-- Material for this exercise --
= Beginning of Section =
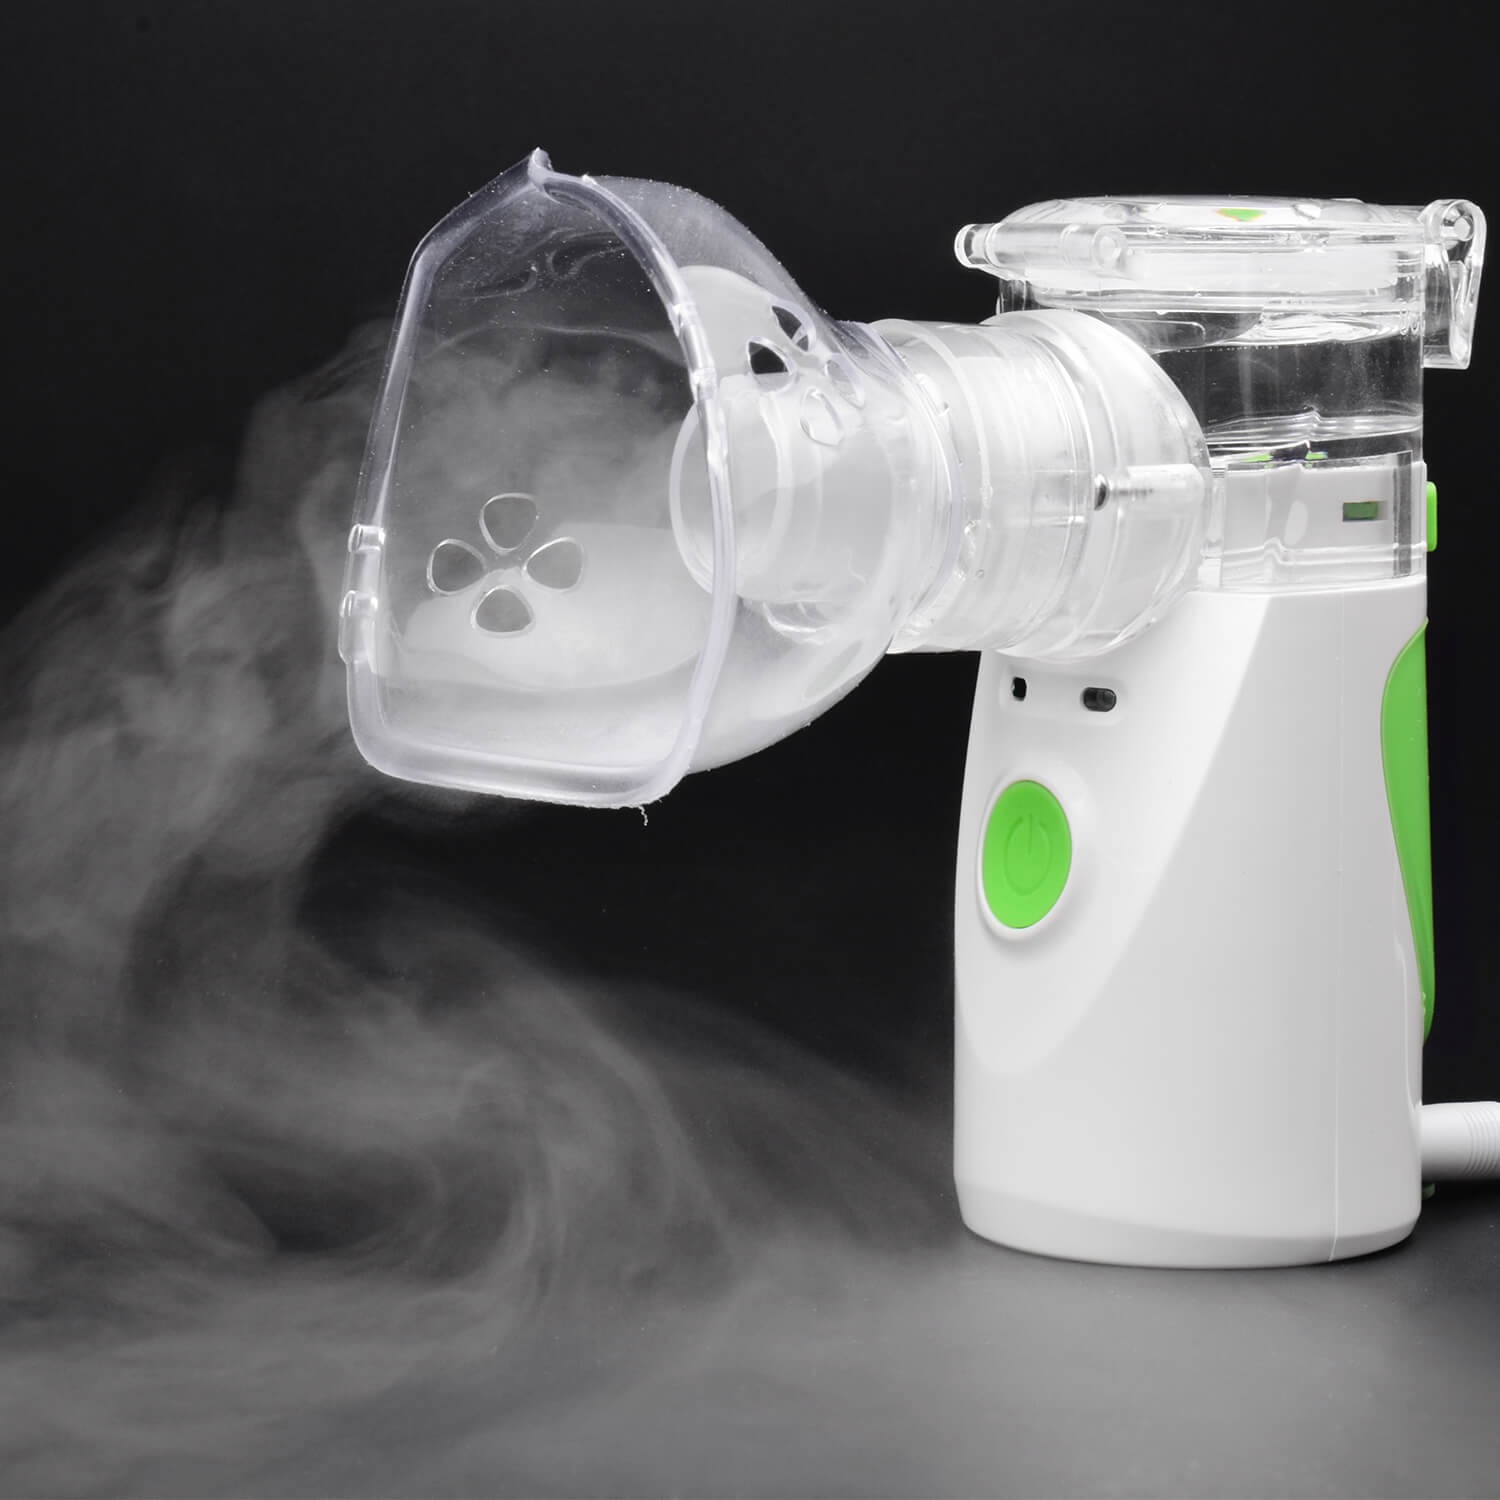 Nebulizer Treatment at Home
= End of Section =
= Beginning of Section =
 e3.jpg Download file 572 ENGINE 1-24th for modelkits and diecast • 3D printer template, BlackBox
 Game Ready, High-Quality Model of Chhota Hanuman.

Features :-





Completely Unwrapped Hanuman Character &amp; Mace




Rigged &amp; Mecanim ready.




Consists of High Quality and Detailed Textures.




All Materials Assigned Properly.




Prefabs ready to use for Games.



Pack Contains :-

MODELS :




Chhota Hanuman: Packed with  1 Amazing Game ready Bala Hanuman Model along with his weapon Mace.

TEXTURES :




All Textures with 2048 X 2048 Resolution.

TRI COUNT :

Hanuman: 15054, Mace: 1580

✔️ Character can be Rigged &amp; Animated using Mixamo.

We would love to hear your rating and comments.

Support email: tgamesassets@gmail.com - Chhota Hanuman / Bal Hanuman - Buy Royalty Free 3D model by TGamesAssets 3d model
= End of Section =
= Beginning of Section =
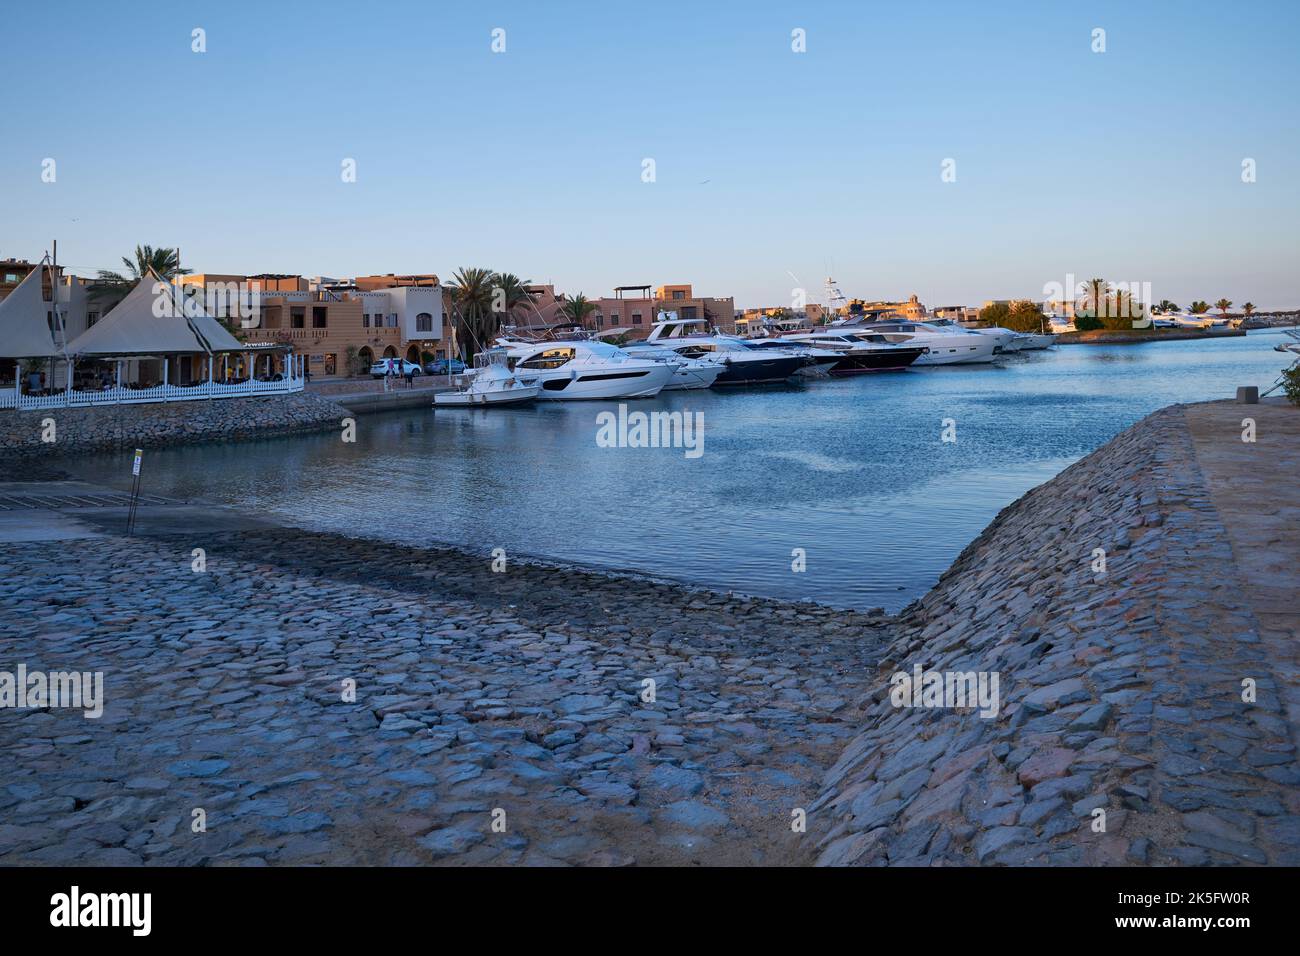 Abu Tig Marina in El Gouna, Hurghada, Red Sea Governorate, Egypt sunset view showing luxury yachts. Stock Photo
= End of Section =
-- Exercise details --
The response must hold only the lines above from the line with "Chhota Hanuman: Packed" through the line with "Support email: tgamesassets@gmail.com", each copied exactly, both ends kept.

-- Completed task --
Chhota Hanuman: Packed with  1 Amazing Game ready Bala Hanuman Model along with his weapon Mace.

TEXTURES :




All Textures with 2048 X 2048 Resolution.

TRI COUNT :

Hanuman: 15054, Mace: 1580

✔️ Character can be Rigged &amp; Animated using Mixamo.

We would love to hear your rating and comments.

Support email: tgamesassets@gmail.com - Chhota Hanuman / Bal Hanuman - Buy Royalty Free 3D model by TGamesAssets 3d model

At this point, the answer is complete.